Remove MSB

mar · Post by **mar** » Mon Dec 28, 2015 4:04 am

hgm wrote:Conversion to double, and extracting the exponent still seems the way to go to me.

Indeed, that's clever.

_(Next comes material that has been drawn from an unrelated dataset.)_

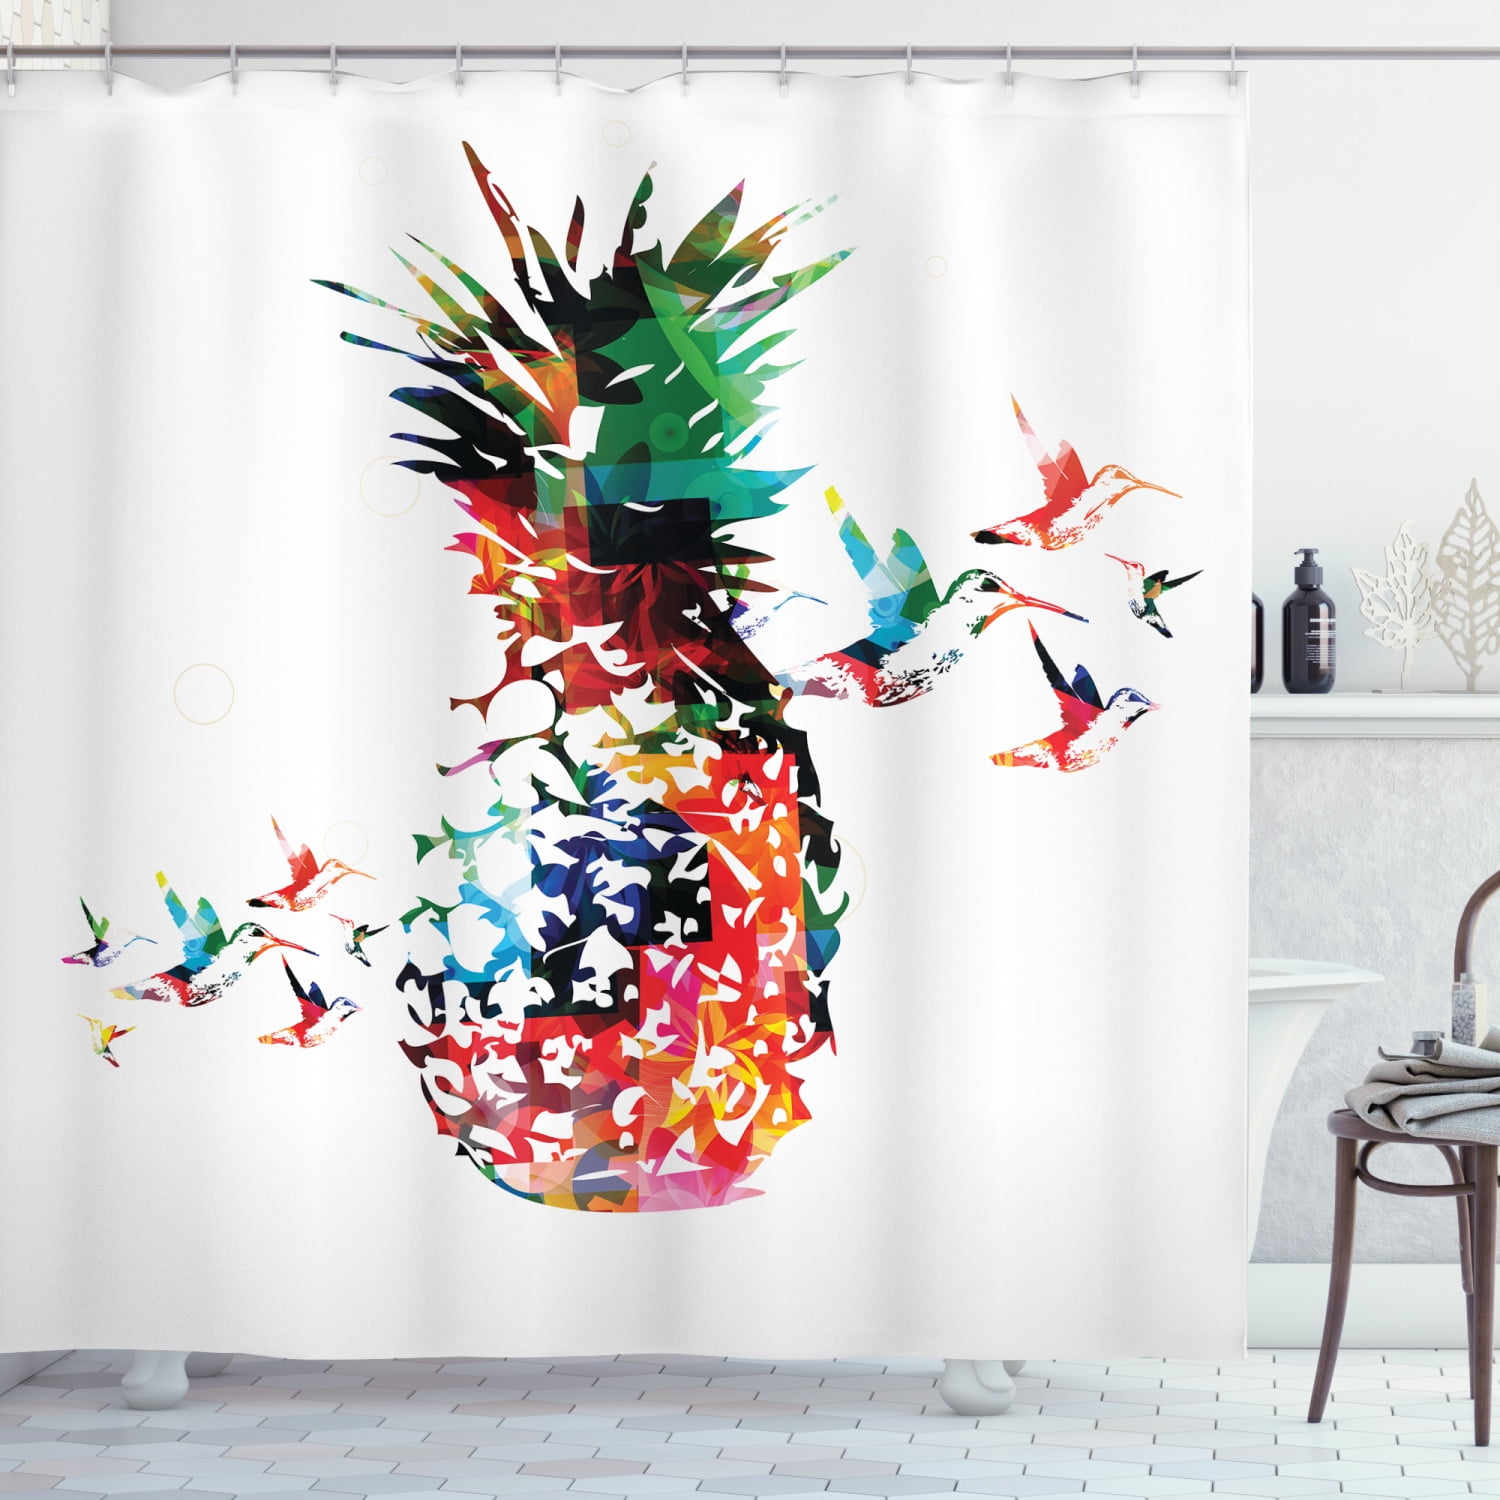 Shower Curtain Liner Waterproof Fabric Tropical Pineapple Flowers Bathroom Hooks 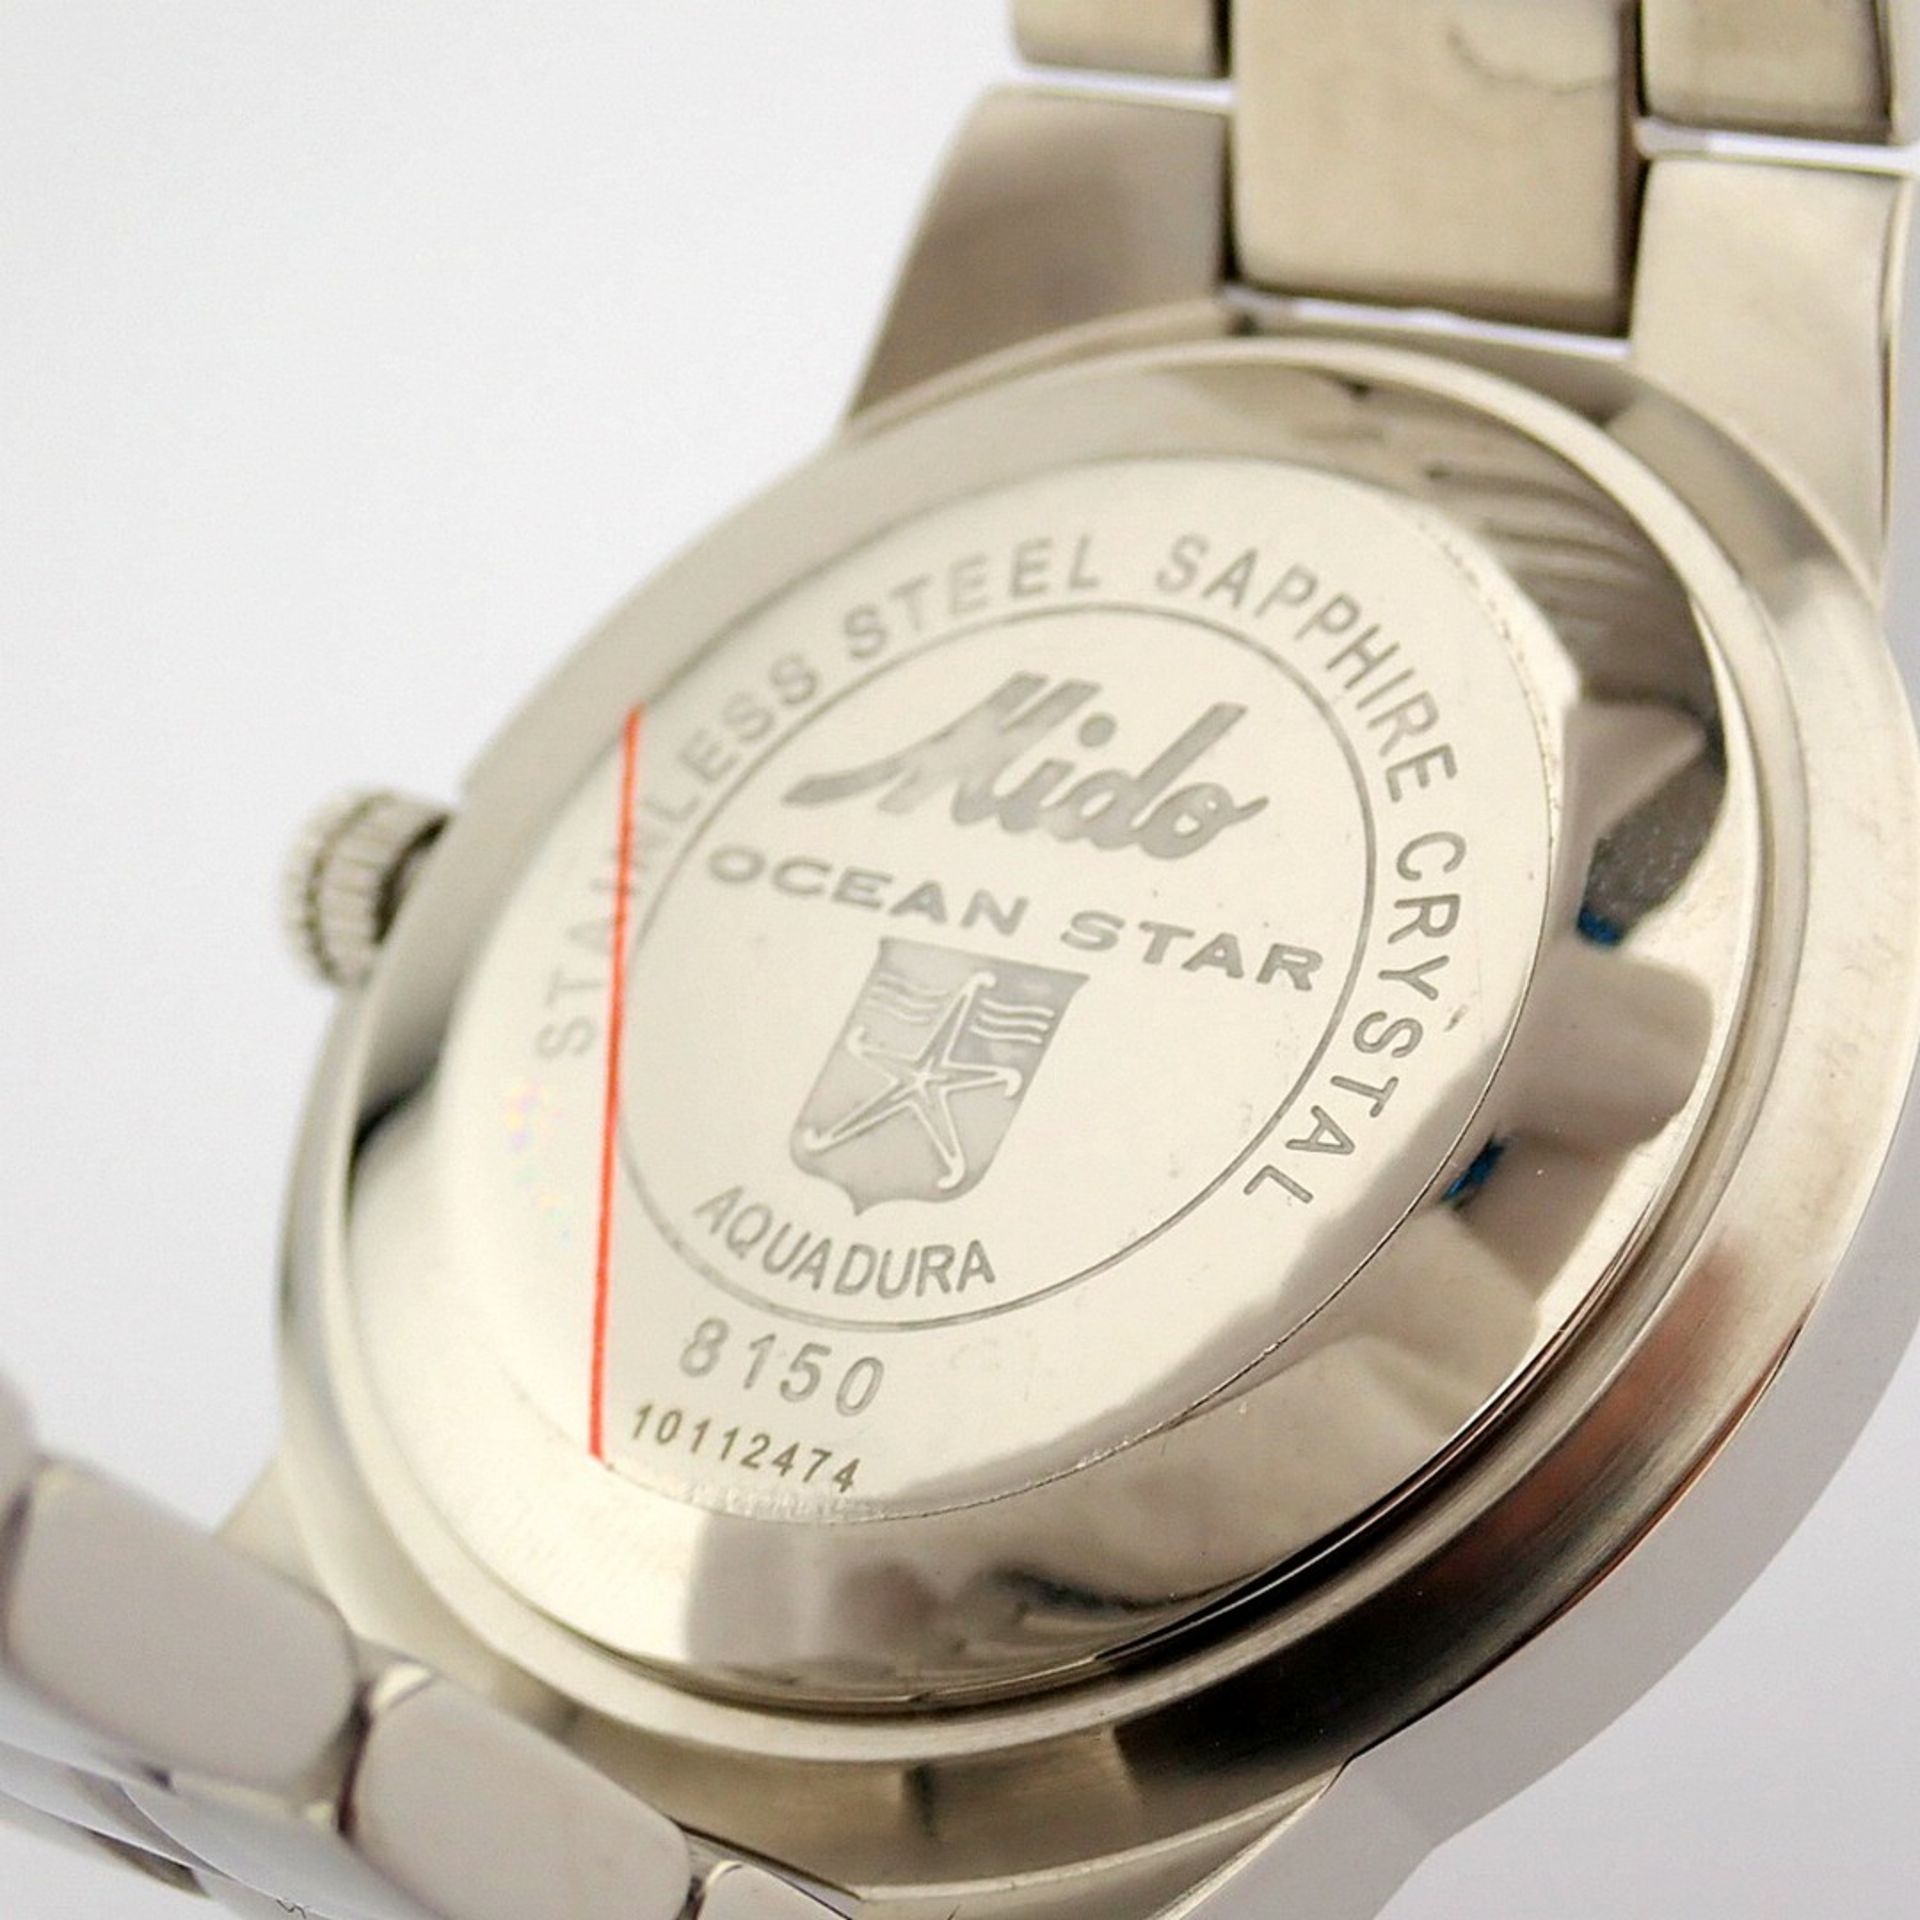 Mido / Ocean Star Aquadura (Brand New) - Gentlemen's Steel Wristwatch - Image 11 of 12

It still won't work for numbers like ~0ull-1, but such bitboards won't happen.

int Log2(uint64_t l)
{
	// assume little endian
	const int BIG_ENDIAN = 0;
	double d = (double)l;
	unsigned exp = ((const unsigned *)&d)[!BIG_ENDIAN];
	return (int)(exp>>20) - 1023;
}

No masking with 2047 required since it's always >= 0.
Not sure though that this is competitive with Peter's DeBruijn, I haven't compared.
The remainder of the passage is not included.